It sounds like a fun little thriller: Talented, but traumatized, classical pianist has his comeback concert short-circuited when a mystery man threatens to shoot him mid-concerto if he plays a single wrong note! Alas, we’ll never know if this DRIVE meets PHANTOM OF THE OPERA mash-up could work since the execution from scripter Damien Chazelle & megger Eugenio Mira is pure amateur hour. (So too the film’s ‘original’ piano concerto by Victor Reyes, a wan pastiche of Tchaikovsky, Rachmaninoff, Mantovani, Ferrante & Teicher.) Even if you go along with gaffes like no rehearsal, having the grand placed behind the orchestra or the unintentionally hilarious stadium-style public-address introductions (‘Ladies & Gentlemen! Please welcome tonight’s conductor!’), when’s the last time you saw a classical soloist playing off his music score? Didn’t that turn unfashionable with Liszt?

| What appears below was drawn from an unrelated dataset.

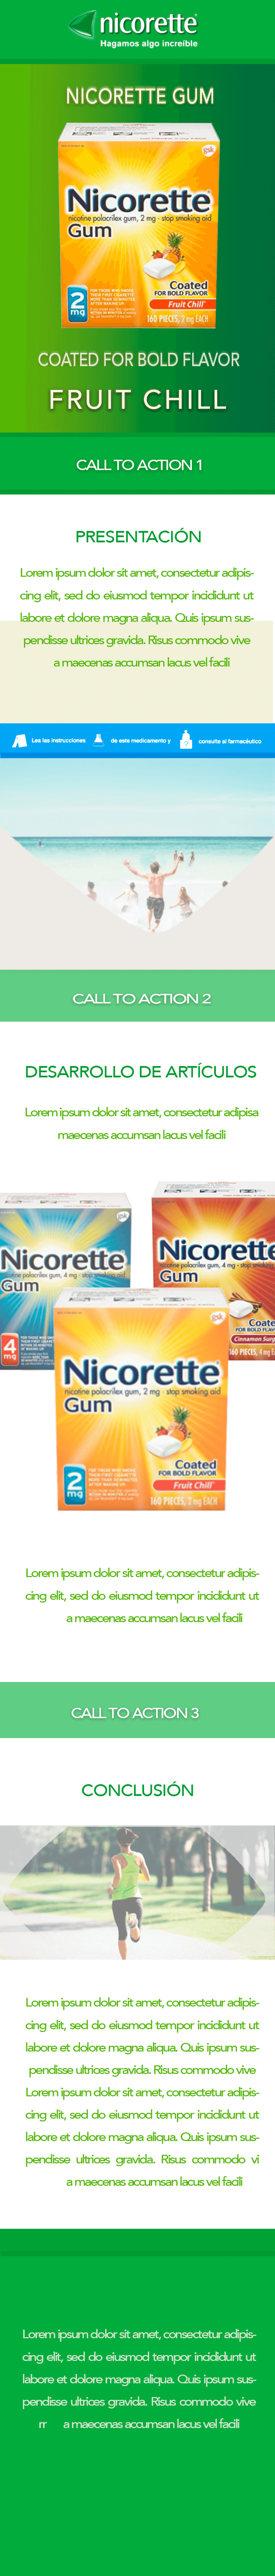 Propuestas Newsletter Nicorette Gum 6

Then again, not even Liszt could simultaneously send text via cell phone, converse on Blue-Tooth and be note perfect! Lucky John Cusack gets to (literally) phone-it-in as a dastardly off-screen voice. But the idiocies hardly abate for Wood, spiffy in his cummerbund, dashing off-stage for instructions in the middle of the first movement; or having our prick of a primo uomo conductor stop to deliver a not-so funny speech between the first & second movements. Heck, let's have intermission between the second & third movement since Wood is off someplace again. Obviously, no one involved in this thing has ever been to a classical concert . . . it’s likely they’ve never been to a movie.
SCREWY THOUGHT OF THE DAY: Is Elijah Wood aging into a youngish Brad Dourif?
WATCH THIS, NOT THAT: For a classical music thriller that doesn’t insult your intelligence, try John Brahm’s HANGOVER SQUARE/’45 with Bernard Herrmann’s stunning mini-concerto finale.